→ How to complete this task:
When you retype the data, keep every line exactly as it appears.
*-*-*
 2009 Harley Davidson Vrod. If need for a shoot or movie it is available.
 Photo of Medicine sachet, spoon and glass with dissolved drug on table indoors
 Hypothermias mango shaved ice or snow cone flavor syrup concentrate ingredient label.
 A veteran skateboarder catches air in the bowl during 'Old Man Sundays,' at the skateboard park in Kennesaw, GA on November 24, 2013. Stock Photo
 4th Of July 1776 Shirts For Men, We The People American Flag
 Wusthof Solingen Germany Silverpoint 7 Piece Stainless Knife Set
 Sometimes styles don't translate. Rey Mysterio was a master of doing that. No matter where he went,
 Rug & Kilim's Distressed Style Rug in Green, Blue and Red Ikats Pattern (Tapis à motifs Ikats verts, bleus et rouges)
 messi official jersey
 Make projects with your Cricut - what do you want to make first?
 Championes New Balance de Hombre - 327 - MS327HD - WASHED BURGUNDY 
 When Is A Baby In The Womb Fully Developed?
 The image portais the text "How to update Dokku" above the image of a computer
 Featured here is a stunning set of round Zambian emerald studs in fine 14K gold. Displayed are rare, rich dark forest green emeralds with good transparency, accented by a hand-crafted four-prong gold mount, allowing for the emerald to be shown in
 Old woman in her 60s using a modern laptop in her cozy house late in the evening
*-*-*
→ Result of this task:
 2009 Harley Davidson Vrod. If need for a shoot or movie it is available.
 Photo of Medicine sachet, spoon and glass with dissolved drug on table indoors
 Hypothermias mango shaved ice or snow cone flavor syrup concentrate ingredient label.
 A veteran skateboarder catches air in the bowl during 'Old Man Sundays,' at the skateboard park in Kennesaw, GA on November 24, 2013. Stock Photo
 4th Of July 1776 Shirts For Men, We The People American Flag
 Wusthof Solingen Germany Silverpoint 7 Piece Stainless Knife Set
 Sometimes styles don't translate. Rey Mysterio was a master of doing that. No matter where he went,
 Rug & Kilim's Distressed Style Rug in Green, Blue and Red Ikats Pattern (Tapis à motifs Ikats verts, bleus et rouges)
 messi official jersey
 Make projects with your Cricut - what do you want to make first?
 Championes New Balance de Hombre - 327 - MS327HD - WASHED BURGUNDY 
 When Is A Baby In The Womb Fully Developed?
 The image portais the text "How to update Dokku" above the image of a computer
 Featured here is a stunning set of round Zambian emerald studs in fine 14K gold. Displayed are rare, rich dark forest green emeralds with good transparency, accented by a hand-crafted four-prong gold mount, allowing for the emerald to be shown in
 Old woman in her 60s using a modern laptop in her cozy house late in the evening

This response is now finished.